2. Emit it as `static const uint32_t kAnsAsciiHistogram[256]` plus a
   `GetAnsAsciiHistogram()` accessor in `assets_data.cc`.
3. For each `WGSL` asset, call `TryAnsCompress()`:
   `ans::Encode(...)` → reject if it's not smaller than the raw input →
   round-trip verify with `ans::Decode(...)` → only then mark the asset
   `ANS_ASCII`.
4. Other asset types (SPEC, TEXTURE, MESH, BINARY, MP3, PROC*) pass
   through uncompressed.

Disk-load (dev) builds skip the encoder entirely: WGSL data is the file
path, never the file contents.

### Runtime (`src/util/asset_manager.cc`)

`GetAsset()` checks `compression` on a cache miss:

- `NONE` → return the static pointer (or hit the existing PROC / disk-load
  branch).
- `ANS_ASCII` → allocate `uncompressed_size + 1` bytes,
  `ans::Decode(..., GetAnsAsciiHistogram())`, NUL-terminate, cache.

`DropAsset()` and `ReloadAssetsFromFile()` free the heap-allocated buffer
when `compression != NONE`, alongside the existing procedural cleanup.

---

## Observed Compression

`workspaces/main`, STRIP_ALL build: WGSL shaders compress to **0.62×–0.71×**
their raw size (81 of 105 assets qualify). Round-trip verification runs
at pack time for every compressed asset; failures abort the build.

---

## Limitations

The encoder returns `false` if it cannot produce a final state above
`kMask` for some chunk. With the corpus-derived ASCII histogram this never
trips on the demo's WGSL corpus, but inputs with a near-monolithic byte
distribution can fail.

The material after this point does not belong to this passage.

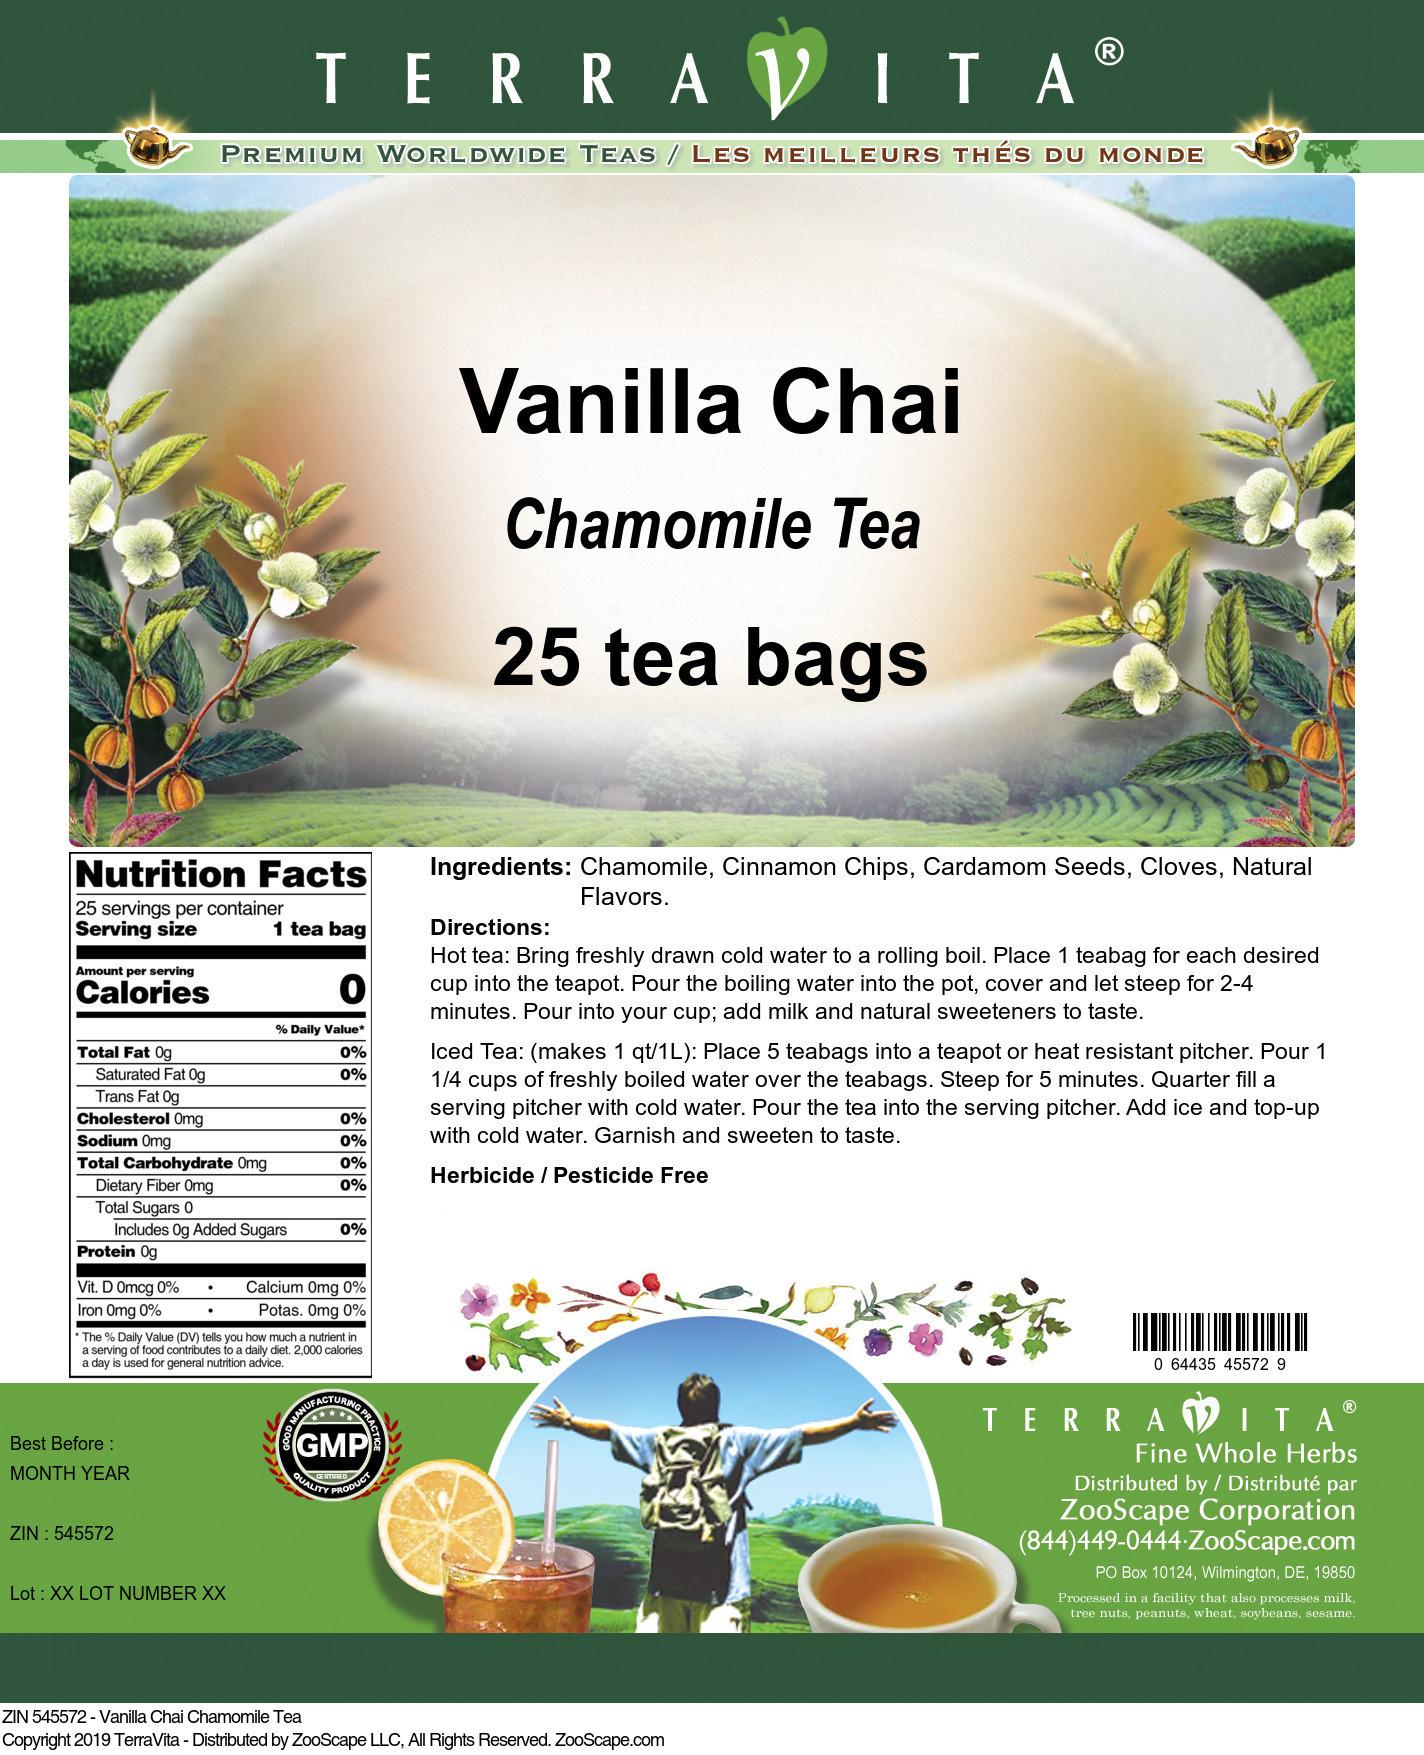 Vanilla Chai Chamomile Tea

Such assets fall back to uncompressed storage.

---

## Tests

`src/tests/util/test_ans.cc` (run via `make run_util_tests` or
`./build/test_ans`):

- Roundtrip variants: empty, single byte, single-symbol run, all-zeros,
  random uniform, random skewed, repeated ASCII.
- Seeded-vs-uniform: a corpus-matched histogram compresses at least as
  well as a uniform seed.
- Rejection: mismatched seed model, payload bit-flip, truncated stream.
- `PeekUncompressedSize` returns the header value.

---

## See Also

- `doc/ASSET_SYSTEM.md` — overall asset pipeline.
- `src/util/ans.h` — public API.
- `tools/asset_packer.cc` — corpus scan and per-asset compression.
- `src/util/asset_manager.cc` — runtime decompression.